A vibrant and revelatory history of the liberal moment of the 1960s, one which argues that Washington was not simply a target of reform but was, in fact, the era's most effective engine of change

In most accounts of the 1960s, Washington is portrayed as a target of reform--a reluctant group of politicians coaxed into accepting the radical spirit the day demanded. In the newest volume in the award-winning Penguin History of American Life, Calvin Mackenzie and Robert Weisbrot argue that the most powerful agents of change in the 1960s were, in fact, those in the traditional seats of power, not the counterculture. A masterly new interpretation of this pivotal decade, The Liberal Hour explores the seismic shifts that led to an era when demands that had lingered on the political agenda for years finally entered the realm of possibility.

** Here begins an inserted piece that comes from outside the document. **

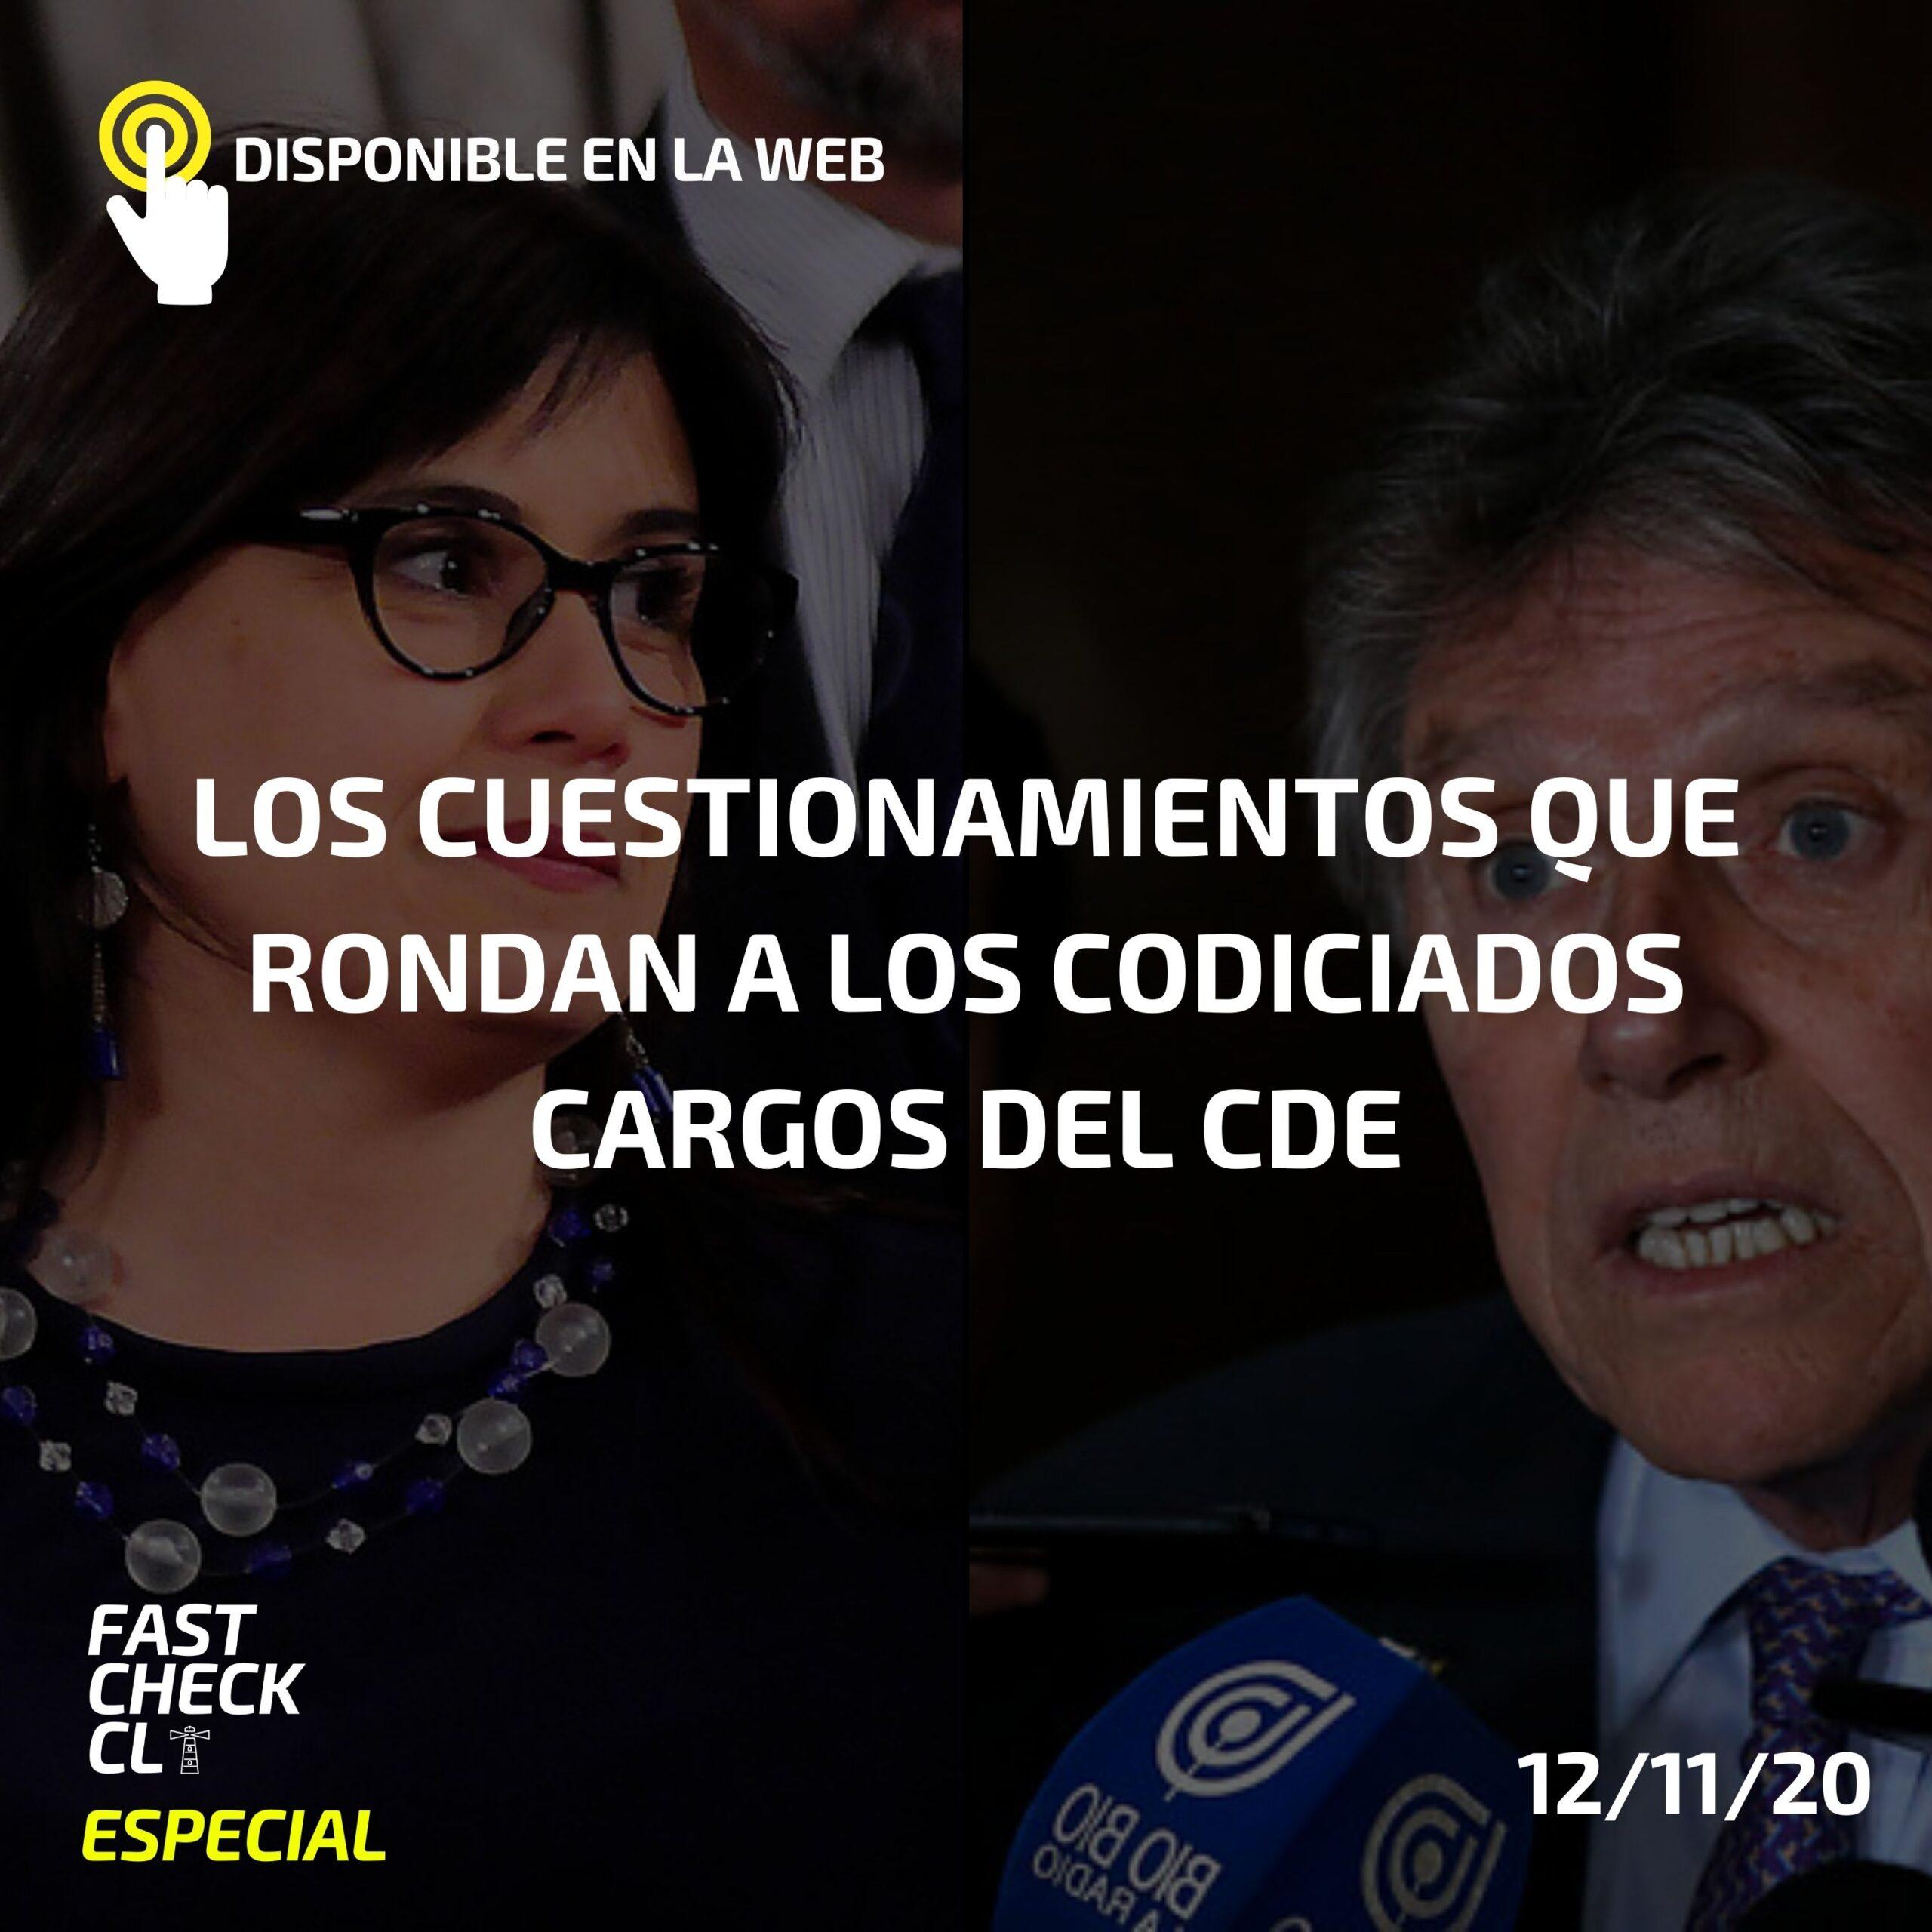 Read more about the article Los cuestionamientos que rondan a los codiciados cargos del cde

By the time John F. Kennedy was elected in 1960, the political system that had prevailed for most of the century was based on crumbling economic, social, and demographic realities. The growth of the suburbs meant power had shifted out of the cities, rendering urban political machines and party bosses increasingly irrelevant, which in turn allowed younger, more independent-minded politicians to rise. In Congress, Democrats retained their long held control, but the Southern wing of the party was finally loosening its grip. Postwar prosperity led many Americans to believe there was enough wealth to go around, an optimism that lent powerful support to antipoverty programs, not to mention civil rights. And for once the Supreme Court, which has traditionally served the country's dominant interests, was aligned with the progressive spirit of the age. The 1960s all in all represented a rare convergence--a public ready for change, and a government ready to act.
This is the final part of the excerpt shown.